Ella es una mujer de bares, rodeada de hombres, ¿tal vez camuflada? Es una figura de la bohemia, de las trasnochadas, de los cafés inundados de alcohol. Su whisky preferido es Jack Daniel´s. Su libro Black out –premio de la Crítica al mejor libro de 2016- da cuenta de los rituales, de la creación en brazos etílicos. Justamente, un término que no tiene traducción posible y que manifiesta en la jerga de los alcohólicos, la amnesia de quien despierta luego de la resaca y nada recuerda. Un tiempo sin tiempo ni imágenes. Allí retoma a amigos y colegas, Miguel Briante, Norberto Soares, Claudio Uriarte y Charlie Felling, una elite de atorrantes, en su decir.

Esta feminista que vamos descubriendo, se autodenomina como cronista de la vida cotidiana, sartreana, a favor del lenguaje inclusivo –rechaza cualquier regulación de la Real Academia Española– y admiradora de Rodolfo Walsh, Pedro Lemebel y Enrique Raab, como emblemas de ese género periodístico, tan cercano, tan propio de la ligazón entre periodismo y literatura.

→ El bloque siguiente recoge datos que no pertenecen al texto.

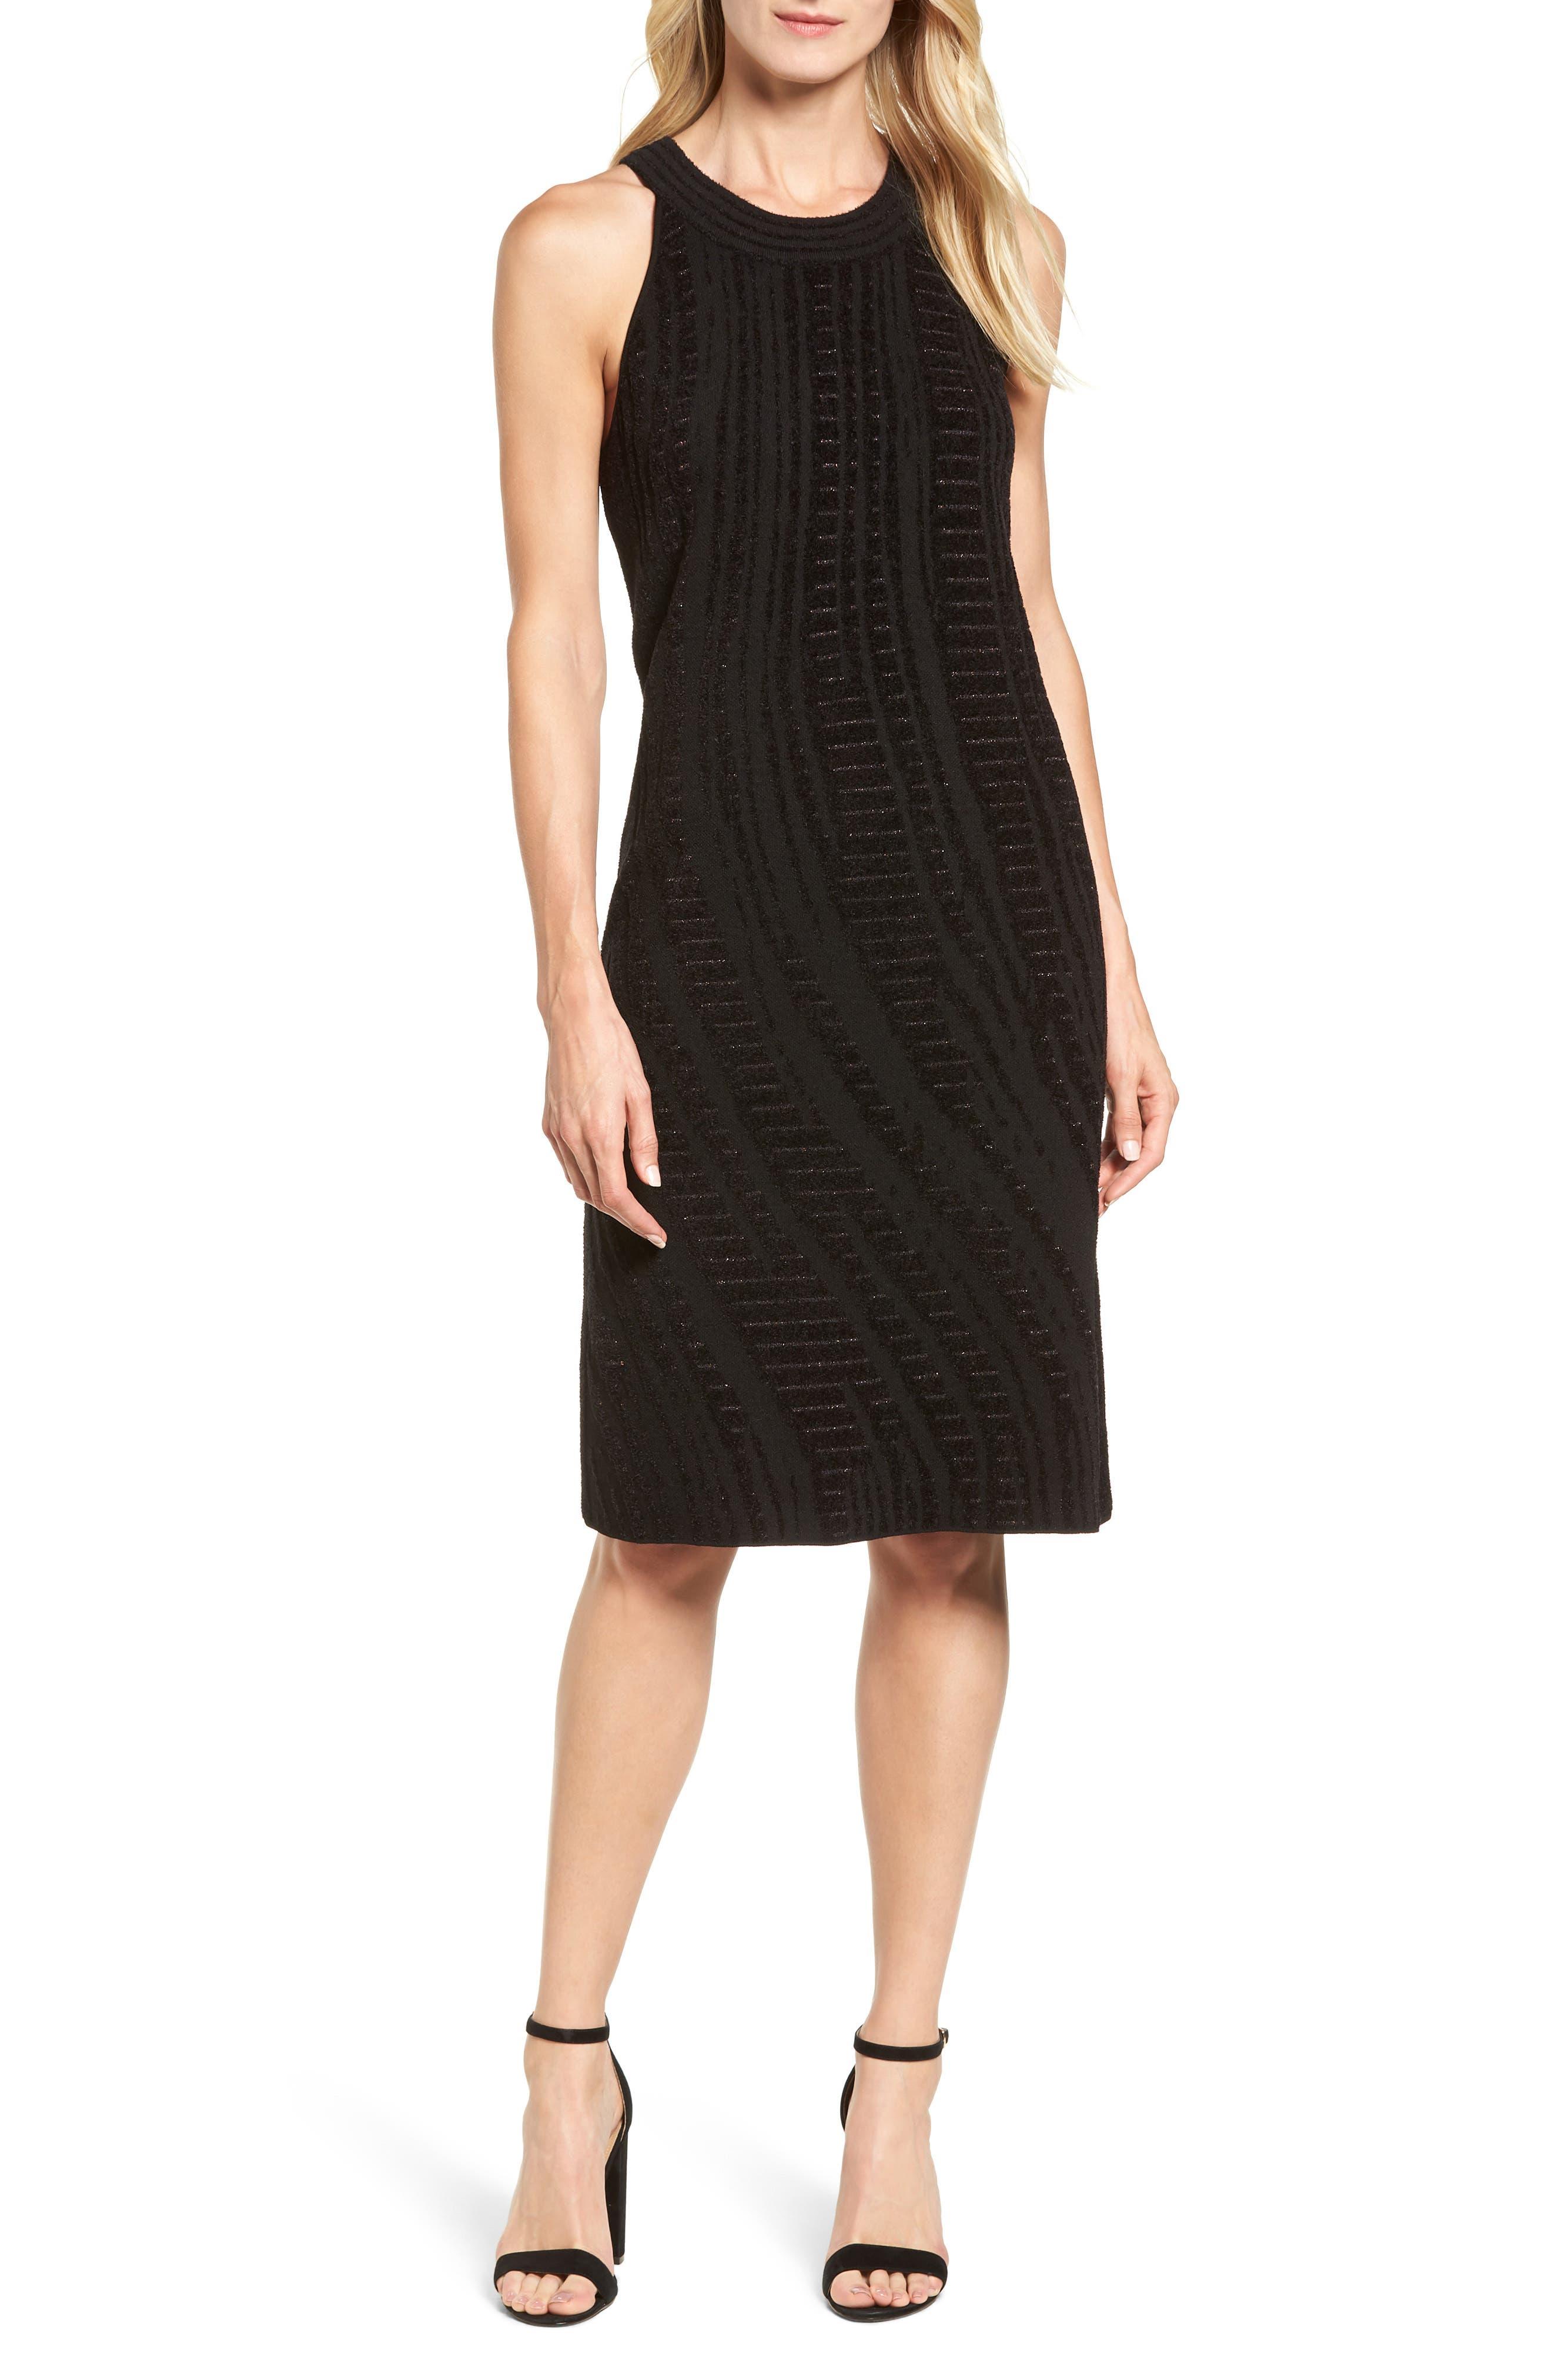 Winter Reign Dress,                         Main,                         color, Black Multi

A propósito de Walsh, uno de los últimos libros de la autora, Oración rescata la figura de Vicky, la hija militante de Rodolfo Walsh que murió y a la que su padre le escribe una carta mítica. Pero hay otra carta, menos conocida, de cuando ella tenía 13 años y María recuerda: “Le explica qué es ser mujer en Argentina. El modelo que le propone no es tanto el de la guerrillera, él le propone a Marguerite Duras que había hecho Hiroshima mon amour en ese momento. Es raro ese modelo donde se dirige hacia el arte en vez de transmitirle la revolución. No aparece como marcación de vocación, pero le está diciendo que es difícil y, otra vez, el mito del número: una de cada cien mujeres llega a conseguir algo sin ser discriminada”. También rememora que mientras escribía el libro, en su alrededor se generaba el eslogan contundente “Vivas nos queremos” y establece su reconocimiento a feministas de gran trayectoria como Rita Segato, Silvia Federici y Silvia Cusincanqui.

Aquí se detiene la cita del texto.